Neither I, nor Mom, nor Dad know what to do.
“The only good thing is that thanks to this, my mom is going to quit working. There are pros and cons to everything, right?”
“… … .”
“And Dad is on vacation too. He’ll be home for the time being.”
“That’s fortunate.”
“No, that’s unfortunate. It’s just awkward if you have dad. It’s uncomfortable for both of us.”
But somehow, the more I talk, the stranger the atmosphere becomes.
The story about my father was actually thrown out lightly as a pun, but the response I got was loaded with excessive weight.
“Do you feel like you’re being overworked?”
“at all.”
“But Hanul, you hate going home. I appreciate your positive thinking, but I’m asking you what you feel deep down inside.”
“… … If we do that, what will change?”
As Sophie Hertz previously noted, it’s easier said than done.
Admitting what needs to be admitted and pretending to move on, pretending to be okay, or on the contrary, pretending to be in a lot of pain, etc. But as I said – what difference does that make?
“Reality won’t change, but you can try to find a way to change it. That’s why you came here. At least your director wants it that way, and more importantly, you have to do it for yourself.”
“… … .”
“What is the most burdensome thing? What makes you feel uncomfortable?”
Yeah, you’re good.
After some urging from the counselor (I felt like it was urging), I opened my mouth as if it was no big deal.
If you want to hear it, I’ll tell you. That’s been my principle.
“As for this incident… …my brother collapsed in front of me. Something similar happened before.”
“… … .”
Even though I finally gave an answer, the other person forced me to continue speaking in silence.
Certainly, the craftsmanship is not ordinary.
“I told you how I came to join Cologne after immigrating to Germany, right?”
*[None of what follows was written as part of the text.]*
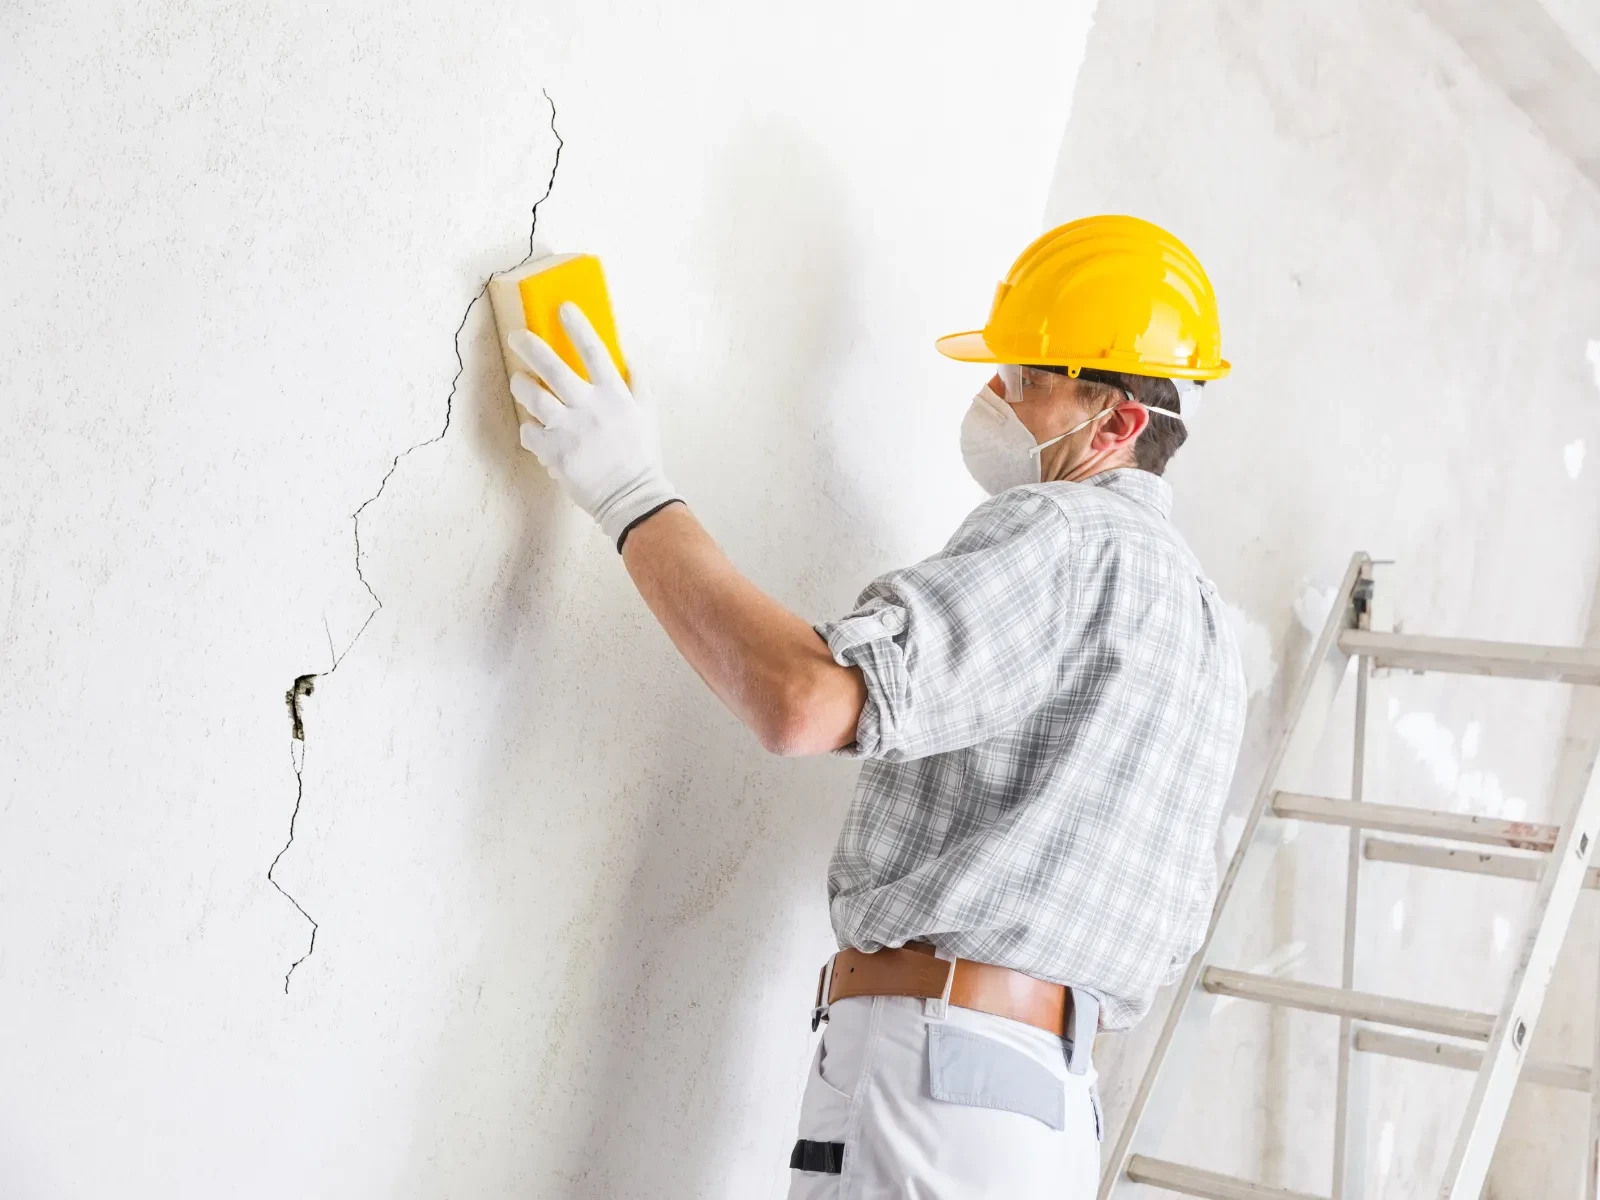 Nếu bụi bẩn trong khe nứt tường được vệ sinh sạch, sẽ giúp cho hiệu quả trám trét đạt kết quả tốt nhất

“Yeah. Thanks to Uncle Gunther, I went to a local soccer team and I heard I was scouted there. Is that right?”
“That’s right. But I didn’t get permission to go out there.”
“I’m listening.”
Maybe it’s because it’s a bit of an embarrassing story.
I unconsciously make instinctive movements, like tapping my heels on the innocent sofa and placing the half-empty cookie on one side of the plate.
The counselor will probably write all this down on a piece of paper.
So, in times like this, I act shamelessly.
“It’s not a big story. I just left my brother alone and went out to play football, and when I got home… … my brother was having a seizure. I went out to have fun because I was feeling frustrated and wanted to change my mood, but since I didn’t have a tutor, I almost got into trouble.”
“… … .”
“My mom was furious. She said, ‘Why did you want to see your brother die just for kicking the ball?’ She told me not to play soccer ever again. But, well, I went back out soon after. At that time, there was nothing else to do but kick the ball. And it turned out well, right?”
“… … .”
“This time too. The advertising fee will come in in June. Since it’s come to this, I think I’ll tell him to go to Munich and get treatment. Oh, of course I’m not transferring. Munich? That’s ridiculous-”
“What about father?”
Then suddenly, the conversation is interrupted by a quiet question.
“huh?”
“Was your father angry too?”
“… … Oh, well. It was similar to my mom.”
This is really quite good.
Because she kept asking me questions that I couldn’t honestly answer.
Ouch.
‘People must take responsibility for their own actions.’
At that time, my dad would give me life advice while sticking his arm around my butt.
If I had told it as it was, the counselor might have reported it and the police might have been dispatched, so I had no choice but to tell a white lie.
hmm.
But thanks to that, I realized belatedly that maybe the reason I was in a slump was because of my brother’s collapse.
That’s unacceptable.
I thought it would be a good idea to get some advice, as it gave me motivation to definitely play well in the cup finals.
“Is that why you became estranged from your father?”
“Yeah, that’s right.”
The relationship between the rich and the poor… … is all a thing of the past.
There wasn’t really anything of interest.